Dès lors, la portée pratique de l’arrêt du 8 janvier 2026 dépasse le seul cadre de la preuve pour investir celui de la gestion contractuelle du risque technique. Les professionnels de la construction et leurs conseils sont invités à repenser la rédaction des clauses relatives au règlement des différends, en y intégrant un mécanisme d’expertise conventionnelle dont la force probante est désormais consacrée par la plus haute juridiction de l’ordre judiciaire. Le maître d’ouvrage qui négocie un contrat de construction ou de maîtrise d’œuvre doit ainsi mesurer l’intérêt stratégique d’une telle stipulation, laquelle lui permettra, en cas de litige, de produire un rapport d’expertise susceptible, à lui seul, de fonder la décision du juge. Le maître d’œuvre y trouve également un intérêt, dès lors que la clause lui garantit que l’expert aura été choisi d’un commun accord et ne sera pas unilatéralement désigné par la partie adverse.
La combinaison de l’arrêt du 8 janvier 2026 et du décret du 18 juillet 2025 ouvre ainsi une ère nouvelle pour la preuve technique dans le contentieux de la construction. Les praticiens du droit de l’immobilier doivent désormais intégrer cette double évolution, législative et jurisprudentielle, dans la rédaction de leurs actes et dans la conduite des procédures contentieuses. L’efficacité de la preuve par expertise conventionnelle repose toutefois sur une condition essentielle : que l’expert désigné présente des garanties suffisantes de compétence et d’impartialité, faute de quoi le juge, dans l’exercice de son pouvoir souverain d’appréciation, pourrait écarter le rapport comme dépourvu de valeur probante.
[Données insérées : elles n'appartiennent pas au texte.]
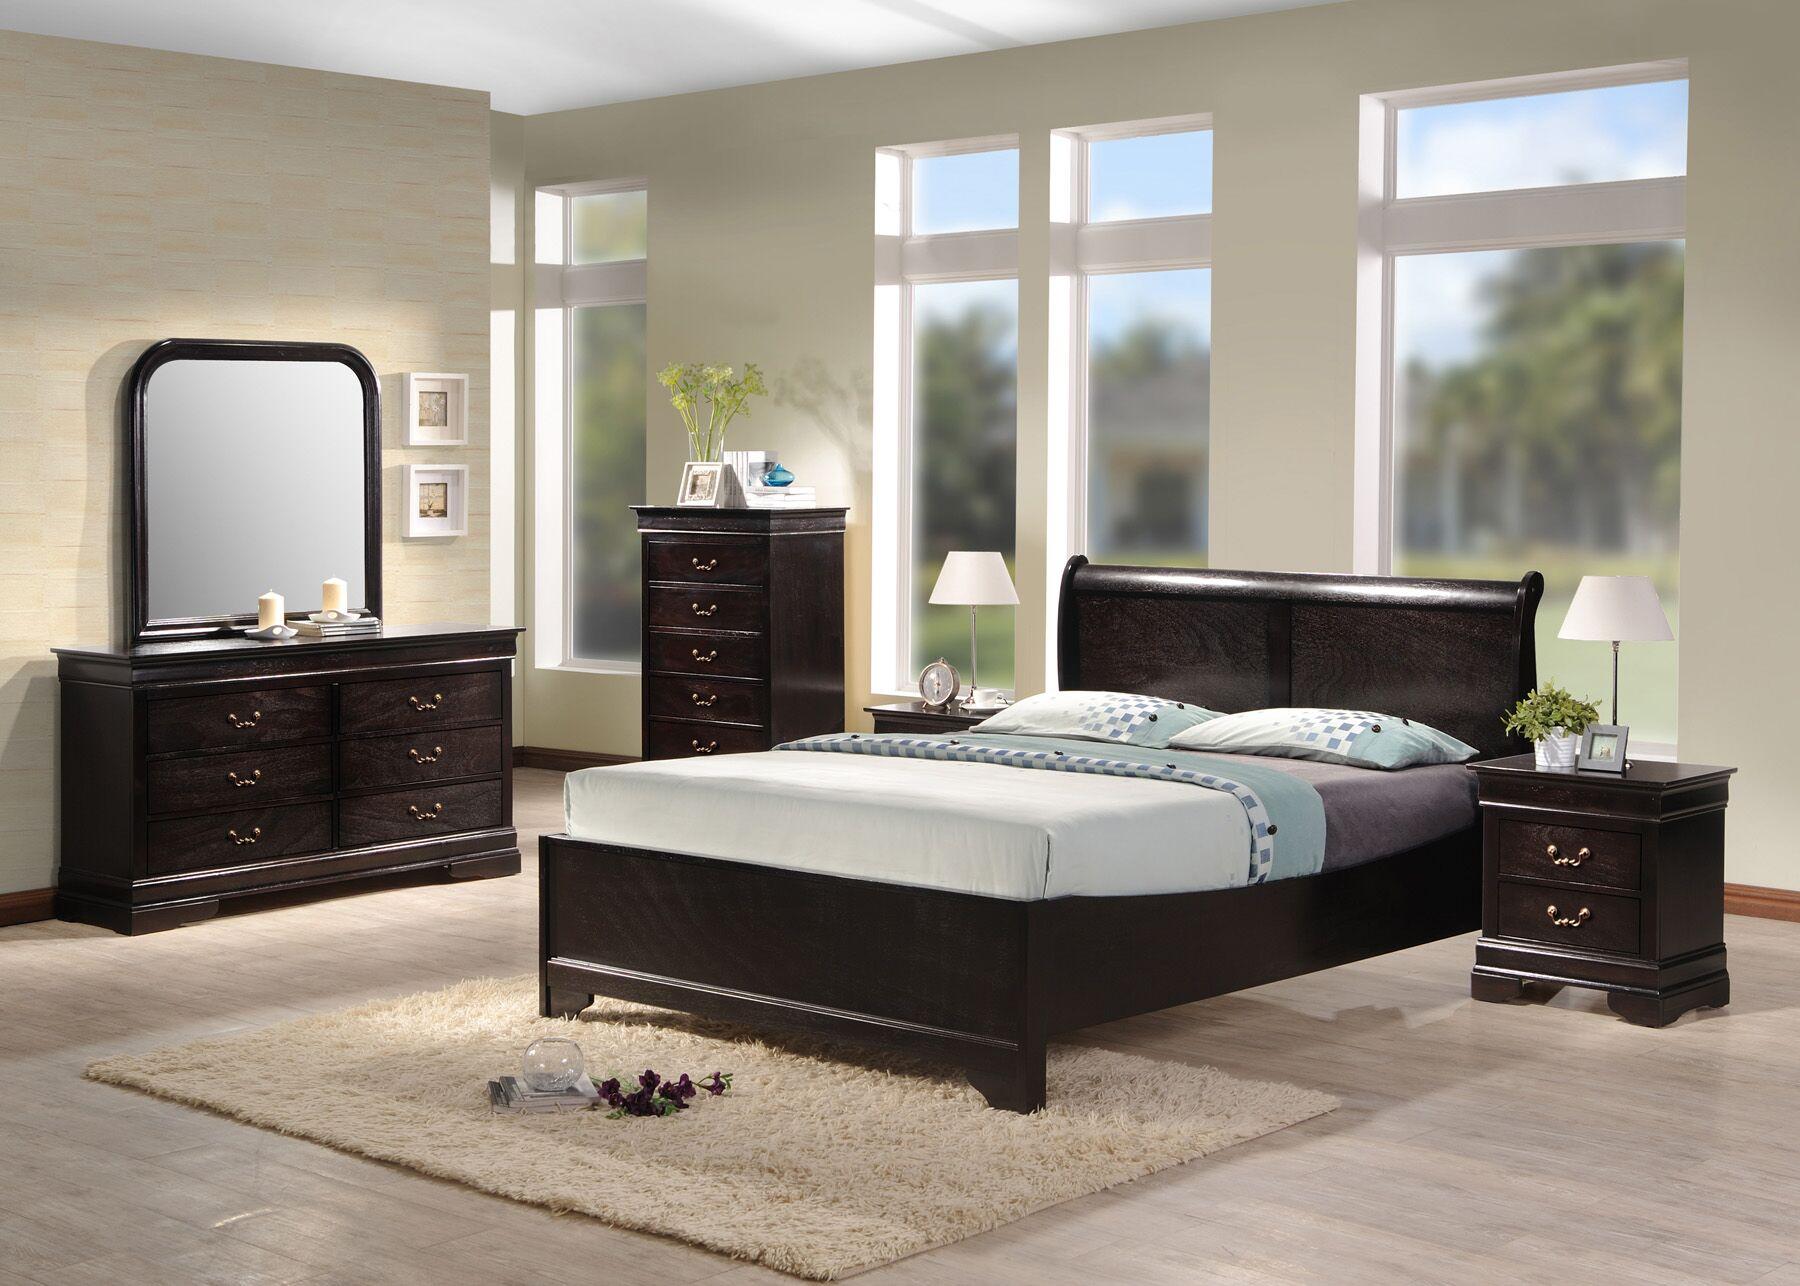 Apolonio Panel 4 Piece Bedroom Set Bed Size: Queen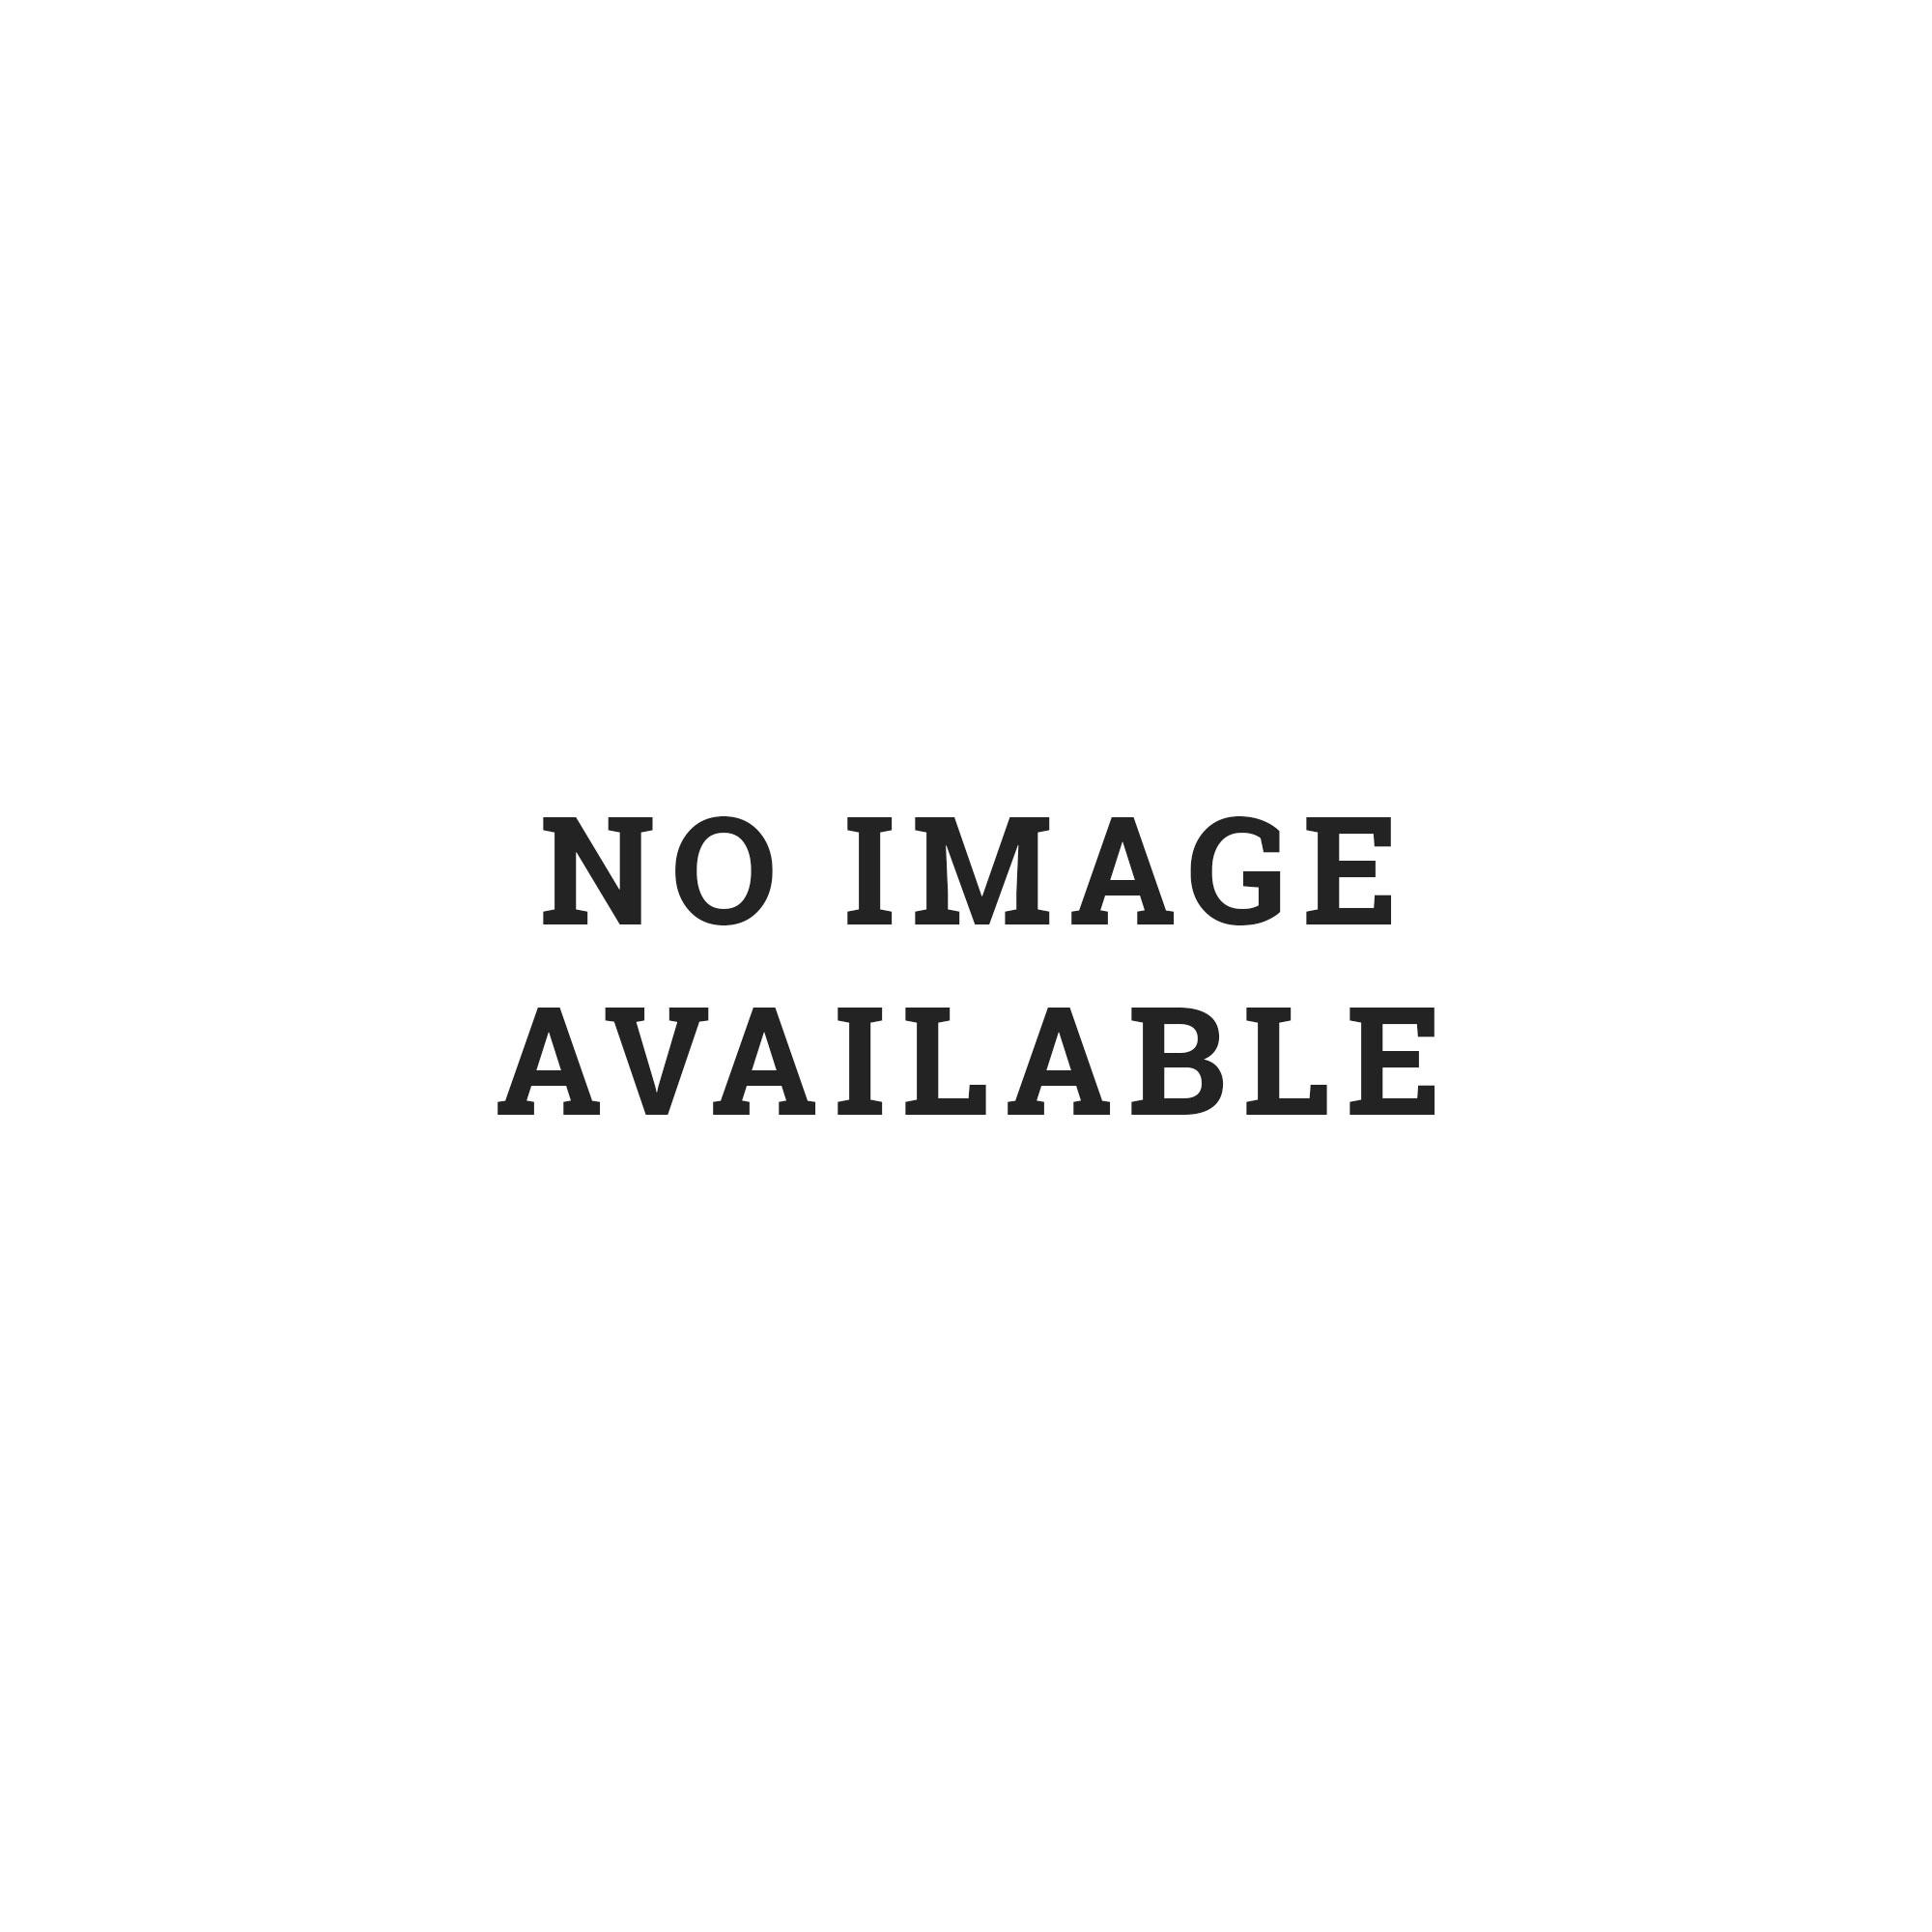 Dr Martens Castel Belladonna Flowers Womens Canvas 8-Eyelet Ankle Boots - Black Floral

La sécurité juridique offerte par l’arrêt du 8 janvier 2026 ne saurait donc dispenser les parties de la plus grande vigilance dans le choix du technicien appelé à éclairer leur litige.
Conclusion
L’arrêt rendu par la troisième chambre civile de la Cour de cassation le 8 janvier 2026 marque une étape significative dans l’évolution du droit de la preuve en matière de construction immobilière. En écartant le principe traditionnel d’interdiction de fonder exclusivement une décision sur une expertise non judiciaire, à la condition que celle-ci ait été diligentée en application d’une clause contractuelle par un expert choisi d’un commun accord, la Haute juridiction renforce l’efficacité probatoire des conventions des parties tout en préservant les garanties fondamentales du procès équitable. Cette solution, qui s’inscrit dans le prolongement de la réforme de l’instruction conventionnelle issue du décret du 18 juillet 2025, ouvre aux praticiens du droit de la construction des perspectives nouvelles dans la sécurisation de la preuve technique, à la condition que la clause d’expertise soit rédigée avec la précision requise et que l’expert désigné réunisse les qualités d’indépendance et de compétence qu’impose l’office qui lui est ainsi confié.